A skinny guy with a gut.. It's very fashionable these days


----------



## NbleSavage (Oct 13, 2016)

Bro Bundy said:


> A skinny guy with a gut.. It's very fashionable these days



The "Dad Bod" fad comes to mind.


----------



## ECKSRATED (Oct 13, 2016)

Jaydub said:


> Skinny fat guy? Like a short tall guy?



Haha I don't know why but that made me laugh.


----------



## DF (Oct 14, 2016)

Skinny fats are real & they are taking over!!!!  Planet Fitness nuff said


----------



## PillarofBalance (Oct 14, 2016)

Milos_97 said:


> But what about diet?Only lean bulk?



I don't know what the **** a lean bulk is.  How is he currently eating? Tough to give diet advice about someone I know nothing about. 

What I have seen plenty of times is that skinny fat comes from inadequate poundages lifted and therefore no adaptation to the body. Essentially not using all the food you throw at it.

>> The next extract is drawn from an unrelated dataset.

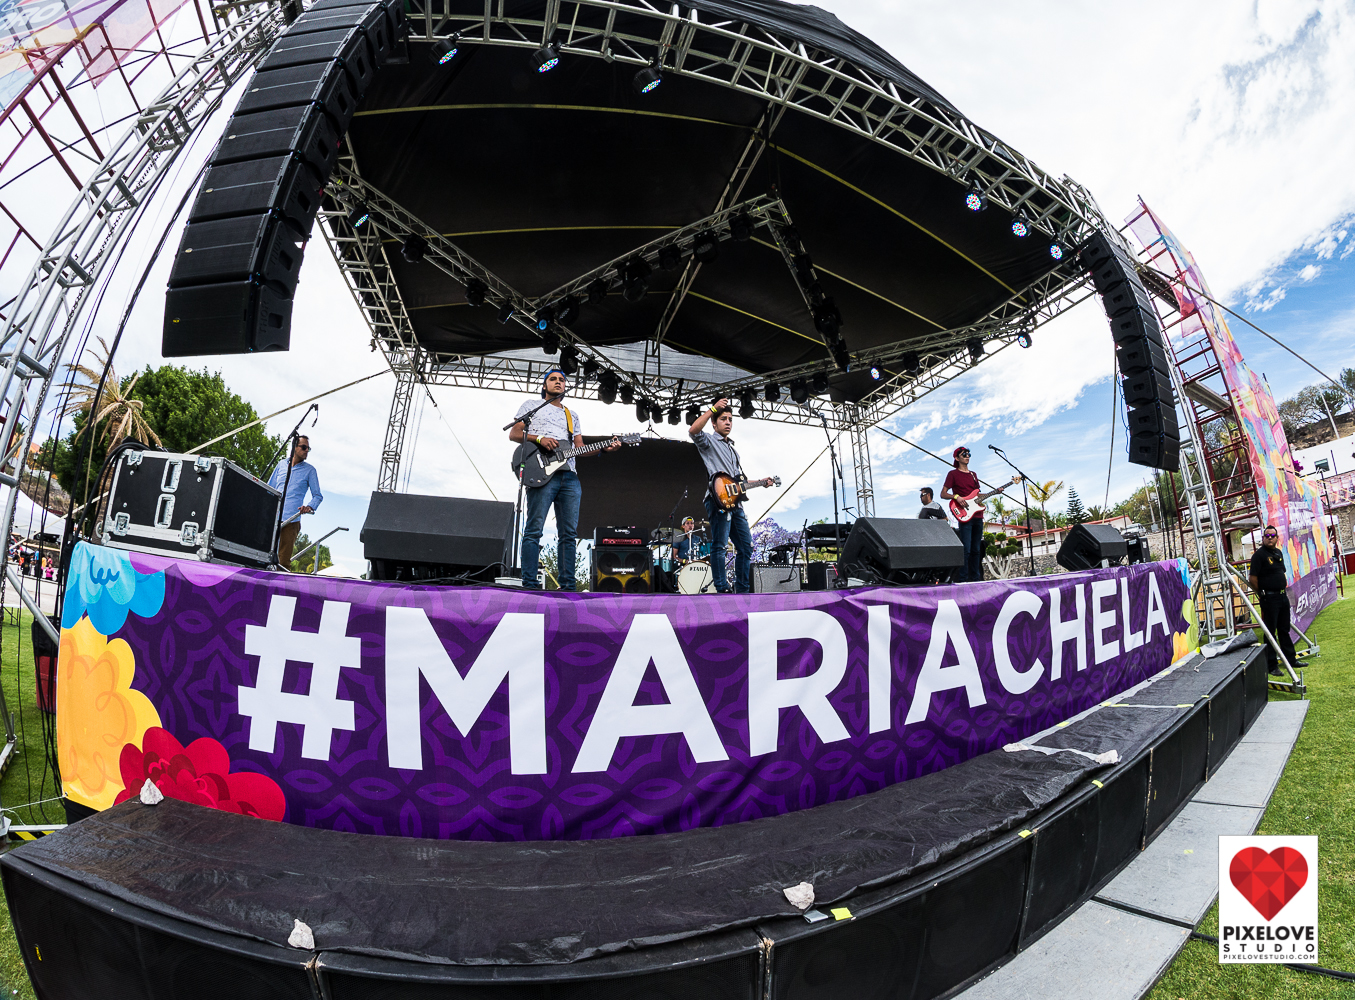 Fin de semana en el Festival Mariachela 2017 en la Plaza de Toros Juriquilla Querétaro. Cerveza artesanal, gastronomía, música en vivo y más.

His focus should be on muscle building. The rest will fall into place


----------



## Jaydub (Oct 14, 2016)

So do the guys work out? Is bulking part of their plan? Or are they asking you for help in just the diet aspect? I guess I'm a little lost in this. I'm used to seeing guys with big upper bodies and chicken legs, but not used to seeing guys with big legs and chicken arms or whatever. I know kids no wear these ****ed up skinny jeans, where they're baggy at the top and tighter as they get close to the ankle..   **** man I dunno. Tell them to hit some good upper body excersizes, and get some lean meats and good carbs. Quit the McDonald's drive thru for a while and maybe jog a block or 2..


----------



## ToolSteel (Oct 14, 2016)

There's no such thing as a lean bulk or dirty cut at their point in the game. Calories in vs calories out. Maintain and lift heavy.


----------



## B_Doc (Oct 14, 2016)

Diet. High intensity. Discipline.  That's how I got rid of my skinny fat dad bod.  My workouts are quicker, I wait less between sets.  I do three exercises one right after another diff areas. Usually two focusing and one compound. Then add two more on 3rd set...yadda yadda.  it's been the best as opposed to wait x amount of time blah blah.  Military had me thin. Got out...single dad..yep single dad bod. Y'all r right, it's a real thing. But mines gone now.  Took some major discipline with my schedule. And quicker workouts not just cuz they work for me, but because of my schedule. I've always had thin arms and legs. But working out how I am I'm finally growing them just a bit. But, its good for me and I'm happy with it. Diet is most important tho.


----------



## automatondan (Oct 14, 2016)

Milos_97 said:


> Hey,
> 
> Bunch of my friends are skinny fat(skinny upper body and big stomach and big lower body).Anyway,what is a solution for that?If they bulk wont they make it worse?But if they cut,wont they even appear skinnier?



The solution is quit being a bunch of little bitches.... I bet they are all Millennials...


----------



## stonetag (Oct 14, 2016)

automatonDan said:


> The solution is quit being a bunch of little bitches.... I bet they are all Millennials...


Top knots...


----------



## Milos_97 (Oct 14, 2016)

Thanks guys 

About clarification of a skinny fat guy.Basically he haves a skinny upper body(tiny arms,flat chest)but a big stomach.
The other friend haves also tiny arms and flat chest but besides a big stomach he haves big legs(quads,hams,calves)


----------



## gymrat827 (Oct 14, 2016)

Milos_97 said:


> Thanks guys
> 
> About clarification of a skinny fat guy.Basically he haves a skinny upper body(tiny arms,flat chest)but a big stomach.
> The other friend haves also tiny arms and flat chest but besides a big stomach he haves big legs(quads,hams,calves)



your fat, you just dont have much muscle on you.  


Heavy lifting with get rid of lots of BF and put more mass on your upper body


----------